REQUIRED ACTION → Retype word for word the lines of the data below, from the first to the one bearing "Top Gun 2: All", with that one included.

[TASK INPUTS]

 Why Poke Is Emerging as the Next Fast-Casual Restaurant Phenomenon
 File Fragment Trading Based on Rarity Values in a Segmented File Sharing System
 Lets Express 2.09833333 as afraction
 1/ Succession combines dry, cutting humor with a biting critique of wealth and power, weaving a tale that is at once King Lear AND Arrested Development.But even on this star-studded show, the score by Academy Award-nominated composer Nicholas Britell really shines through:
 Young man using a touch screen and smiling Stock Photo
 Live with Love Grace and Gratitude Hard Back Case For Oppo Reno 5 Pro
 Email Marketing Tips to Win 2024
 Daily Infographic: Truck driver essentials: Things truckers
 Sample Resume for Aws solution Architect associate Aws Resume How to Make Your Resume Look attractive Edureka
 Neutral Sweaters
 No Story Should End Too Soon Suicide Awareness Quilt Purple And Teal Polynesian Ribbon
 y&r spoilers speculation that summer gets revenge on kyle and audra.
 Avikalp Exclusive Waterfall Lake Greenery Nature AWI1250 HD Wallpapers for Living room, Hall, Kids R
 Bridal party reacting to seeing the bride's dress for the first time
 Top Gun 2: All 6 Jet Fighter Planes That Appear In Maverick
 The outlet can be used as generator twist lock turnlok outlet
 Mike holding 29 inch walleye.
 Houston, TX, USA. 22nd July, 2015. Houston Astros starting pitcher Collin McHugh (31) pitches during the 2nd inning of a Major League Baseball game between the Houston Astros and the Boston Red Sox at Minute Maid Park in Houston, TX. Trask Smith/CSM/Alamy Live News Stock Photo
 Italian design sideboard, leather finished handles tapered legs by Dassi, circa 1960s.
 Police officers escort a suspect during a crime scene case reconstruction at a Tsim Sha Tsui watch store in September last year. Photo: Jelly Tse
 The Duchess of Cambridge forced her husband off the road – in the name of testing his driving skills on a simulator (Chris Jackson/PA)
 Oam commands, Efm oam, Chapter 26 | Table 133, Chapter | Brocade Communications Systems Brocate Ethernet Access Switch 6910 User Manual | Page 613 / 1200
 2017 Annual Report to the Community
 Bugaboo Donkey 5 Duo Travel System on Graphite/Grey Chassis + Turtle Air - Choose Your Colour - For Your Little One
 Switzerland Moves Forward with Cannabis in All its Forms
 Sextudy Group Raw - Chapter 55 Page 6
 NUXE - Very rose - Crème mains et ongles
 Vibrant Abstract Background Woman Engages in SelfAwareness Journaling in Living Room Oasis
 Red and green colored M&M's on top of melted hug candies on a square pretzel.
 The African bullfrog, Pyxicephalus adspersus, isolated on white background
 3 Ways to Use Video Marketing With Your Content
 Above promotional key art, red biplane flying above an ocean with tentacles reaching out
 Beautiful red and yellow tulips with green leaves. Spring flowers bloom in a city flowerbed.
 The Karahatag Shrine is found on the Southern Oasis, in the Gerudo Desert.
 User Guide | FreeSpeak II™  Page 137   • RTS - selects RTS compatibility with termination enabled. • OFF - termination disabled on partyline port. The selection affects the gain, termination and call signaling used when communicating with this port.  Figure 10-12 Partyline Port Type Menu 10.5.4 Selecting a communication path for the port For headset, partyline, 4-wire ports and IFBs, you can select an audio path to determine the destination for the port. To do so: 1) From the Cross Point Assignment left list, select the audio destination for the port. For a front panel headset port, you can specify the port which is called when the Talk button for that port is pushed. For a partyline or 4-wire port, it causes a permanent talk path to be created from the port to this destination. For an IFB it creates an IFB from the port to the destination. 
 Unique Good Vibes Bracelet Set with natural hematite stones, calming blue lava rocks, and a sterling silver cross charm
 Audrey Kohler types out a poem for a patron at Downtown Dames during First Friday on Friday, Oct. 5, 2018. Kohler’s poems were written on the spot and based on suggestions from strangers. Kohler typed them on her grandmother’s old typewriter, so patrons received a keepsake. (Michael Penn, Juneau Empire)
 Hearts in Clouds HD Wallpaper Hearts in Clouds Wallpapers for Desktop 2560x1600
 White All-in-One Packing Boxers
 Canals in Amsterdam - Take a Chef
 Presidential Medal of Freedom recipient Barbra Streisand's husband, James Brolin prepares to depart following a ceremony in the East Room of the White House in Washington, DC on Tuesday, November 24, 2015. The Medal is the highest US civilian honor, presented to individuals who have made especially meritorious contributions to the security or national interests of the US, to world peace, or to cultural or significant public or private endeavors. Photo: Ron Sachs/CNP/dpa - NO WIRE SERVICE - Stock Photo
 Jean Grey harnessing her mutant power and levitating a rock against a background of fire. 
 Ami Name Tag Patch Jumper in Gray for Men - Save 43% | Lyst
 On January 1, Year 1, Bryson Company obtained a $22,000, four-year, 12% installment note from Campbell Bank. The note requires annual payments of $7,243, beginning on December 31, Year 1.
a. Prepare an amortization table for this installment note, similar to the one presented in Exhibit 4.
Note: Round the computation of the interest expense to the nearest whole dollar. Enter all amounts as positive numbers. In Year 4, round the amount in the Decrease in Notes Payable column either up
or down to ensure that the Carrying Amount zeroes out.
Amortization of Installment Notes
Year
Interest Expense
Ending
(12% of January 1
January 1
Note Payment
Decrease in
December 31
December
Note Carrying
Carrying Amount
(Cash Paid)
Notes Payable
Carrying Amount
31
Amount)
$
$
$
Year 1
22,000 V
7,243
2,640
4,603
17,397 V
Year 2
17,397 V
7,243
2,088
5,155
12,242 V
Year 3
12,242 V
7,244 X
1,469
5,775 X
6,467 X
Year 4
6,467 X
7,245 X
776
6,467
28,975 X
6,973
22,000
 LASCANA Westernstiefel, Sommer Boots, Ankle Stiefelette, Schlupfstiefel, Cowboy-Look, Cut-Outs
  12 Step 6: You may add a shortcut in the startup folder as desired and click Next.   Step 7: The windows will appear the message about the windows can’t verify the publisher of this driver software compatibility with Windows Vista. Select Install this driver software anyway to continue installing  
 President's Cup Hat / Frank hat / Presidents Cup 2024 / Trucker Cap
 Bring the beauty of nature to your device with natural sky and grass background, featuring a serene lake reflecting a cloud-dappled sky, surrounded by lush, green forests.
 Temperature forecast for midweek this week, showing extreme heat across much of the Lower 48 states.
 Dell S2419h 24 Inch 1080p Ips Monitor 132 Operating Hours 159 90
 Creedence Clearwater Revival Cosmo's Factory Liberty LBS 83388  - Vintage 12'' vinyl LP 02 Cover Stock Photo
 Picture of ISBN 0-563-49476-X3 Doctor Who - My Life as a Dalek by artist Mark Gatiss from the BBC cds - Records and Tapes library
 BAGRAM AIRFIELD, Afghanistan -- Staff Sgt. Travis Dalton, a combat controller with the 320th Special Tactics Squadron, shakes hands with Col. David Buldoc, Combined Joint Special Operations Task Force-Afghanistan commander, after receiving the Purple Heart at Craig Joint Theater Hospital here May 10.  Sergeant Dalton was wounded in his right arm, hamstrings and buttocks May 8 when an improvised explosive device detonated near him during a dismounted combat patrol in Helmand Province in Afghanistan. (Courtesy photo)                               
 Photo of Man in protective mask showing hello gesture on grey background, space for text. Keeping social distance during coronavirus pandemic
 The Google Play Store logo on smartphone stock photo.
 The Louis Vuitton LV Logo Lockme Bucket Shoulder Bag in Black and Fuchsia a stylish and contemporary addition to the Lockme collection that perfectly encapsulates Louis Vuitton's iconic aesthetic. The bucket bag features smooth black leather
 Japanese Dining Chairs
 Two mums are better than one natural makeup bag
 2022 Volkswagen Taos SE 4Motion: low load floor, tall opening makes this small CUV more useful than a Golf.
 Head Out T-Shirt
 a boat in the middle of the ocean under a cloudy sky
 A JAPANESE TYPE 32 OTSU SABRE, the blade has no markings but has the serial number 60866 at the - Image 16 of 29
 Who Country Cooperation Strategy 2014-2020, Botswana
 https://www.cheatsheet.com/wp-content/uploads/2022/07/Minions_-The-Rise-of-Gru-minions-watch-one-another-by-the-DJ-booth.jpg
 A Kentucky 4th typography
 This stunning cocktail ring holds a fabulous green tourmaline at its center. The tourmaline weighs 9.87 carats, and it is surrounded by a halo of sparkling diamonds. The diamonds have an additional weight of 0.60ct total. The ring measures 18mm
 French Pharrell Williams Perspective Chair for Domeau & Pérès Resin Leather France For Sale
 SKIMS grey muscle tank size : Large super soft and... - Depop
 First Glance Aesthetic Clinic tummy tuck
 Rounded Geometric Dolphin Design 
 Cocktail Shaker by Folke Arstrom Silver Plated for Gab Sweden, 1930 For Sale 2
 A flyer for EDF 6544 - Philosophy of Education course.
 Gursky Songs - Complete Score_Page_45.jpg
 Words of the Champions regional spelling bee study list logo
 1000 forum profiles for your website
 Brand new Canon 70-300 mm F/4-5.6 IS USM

[/TASK INPUTS]

ANSWER FOR THIS EXERCISE →
 Why Poke Is Emerging as the Next Fast-Casual Restaurant Phenomenon
 File Fragment Trading Based on Rarity Values in a Segmented File Sharing System
 Lets Express 2.09833333 as afraction
 1/ Succession combines dry, cutting humor with a biting critique of wealth and power, weaving a tale that is at once King Lear AND Arrested Development.But even on this star-studded show, the score by Academy Award-nominated composer Nicholas Britell really shines through:
 Young man using a touch screen and smiling Stock Photo
 Live with Love Grace and Gratitude Hard Back Case For Oppo Reno 5 Pro
 Email Marketing Tips to Win 2024
 Daily Infographic: Truck driver essentials: Things truckers
 Sample Resume for Aws solution Architect associate Aws Resume How to Make Your Resume Look attractive Edureka
 Neutral Sweaters
 No Story Should End Too Soon Suicide Awareness Quilt Purple And Teal Polynesian Ribbon
 y&r spoilers speculation that summer gets revenge on kyle and audra.
 Avikalp Exclusive Waterfall Lake Greenery Nature AWI1250 HD Wallpapers for Living room, Hall, Kids R
 Bridal party reacting to seeing the bride's dress for the first time
 Top Gun 2: All 6 Jet Fighter Planes That Appear In Maverick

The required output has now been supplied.